Let \(\mathbf{p}_1\) be the center of an arc \(A\) with radius \(r\) and a starting angle \(\theta_1\) and an end angle \(\theta_2\). Furthermore, we have a point \(P\) with position \(\mathbf{p}_2\), which we want to test. Since hitting a very thin arc with a point is hard, like with the mouse cursor, we put a margin of size \(\epsilon\) around the arc. We also define the distance \(d=|\mathbf{p}_2 - \mathbf{p}_1|\) between the center of the arc and the point to be tested.

The first thing we do is, we interpret the arc \(A\) as a circle \(C\) and use the hit-testing routine for a point on a circle. If the point is on the ring defined by the \(\epsilon\) margin, we need to check if the angles are in the right interval. I wrote an article about checking if an angle is between two other angles quite some time ago. That’s why I use the result here only:

\[\begin{array}{rl}\text{hittest}_{AP}(A, P) :=& \text{hittest}_{CoP}(A, P) \land \text{angleBetween}(\phi, \theta_1, \theta_2)\end{array}\]

Where \(\phi=\tan^{-1}\left(\frac{\mathbf{p}_2^y - \mathbf{p}_1^y}{\mathbf{p}_2^x - \mathbf{p}_1^x}\right)\) is the angle between the x-axis and the vector formed by the two points \(\mathbf{p}_1\), \(\mathbf{p}_2\).
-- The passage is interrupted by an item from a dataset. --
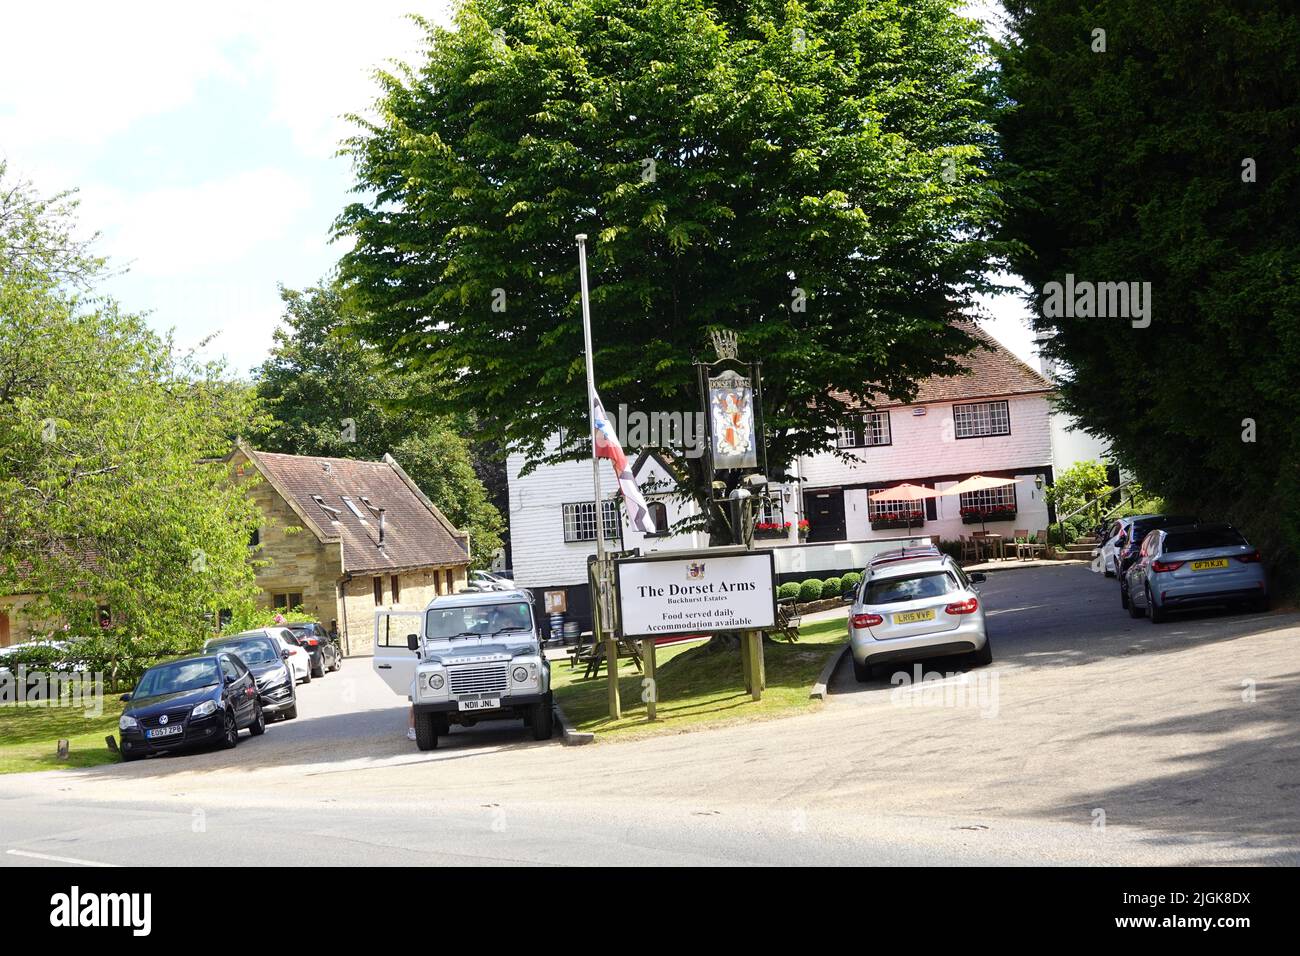 Dorset Arms Pub, Withyham, East Sussex England Vereinigtes Königreich Stockfoto

## Hit-test: Line segment and Circle

Given a line segment \(L\) defined by two points \(\mathbf{p}_1\) and \(\mathbf{p}_2\) as well as a circle \(C\) with position \(\mathbf{p}_3\) and its radius \(r\). Between the two points on the line segment are infinitely many points and we choose exactly that point \(\mathbf{p}\) which has the minimal distance to the circle. That is the orthogonal line passing through the circle center:

Now the two points of the line form a vector \(\mathbf{b}=\mathbf{p}_2 - \mathbf{p}_1\), the first point of the line and the center of the circle form the vector \(\mathbf{a}=\mathbf{p}_3 - \mathbf{p}_1\) and the first point of the line and point \(\mathbf{p}\) form vector \(\mathbf{c}=\mathbf{p}-\mathbf{p}_1\). Point \(\mathbf{p}\) is the orthogonal projection of vector \(\mathbf{a}\) onto vector \(\mathbf{b}\) plus the original point \(\mathbf{p}_1\) as position vector:

\[\mathbf{p} = \mathbf{p}_1 + \frac{\mathbf{a}\cdot\mathbf{b}}{\mathbf{b}\cdot\mathbf{b}}\mathbf{b}\]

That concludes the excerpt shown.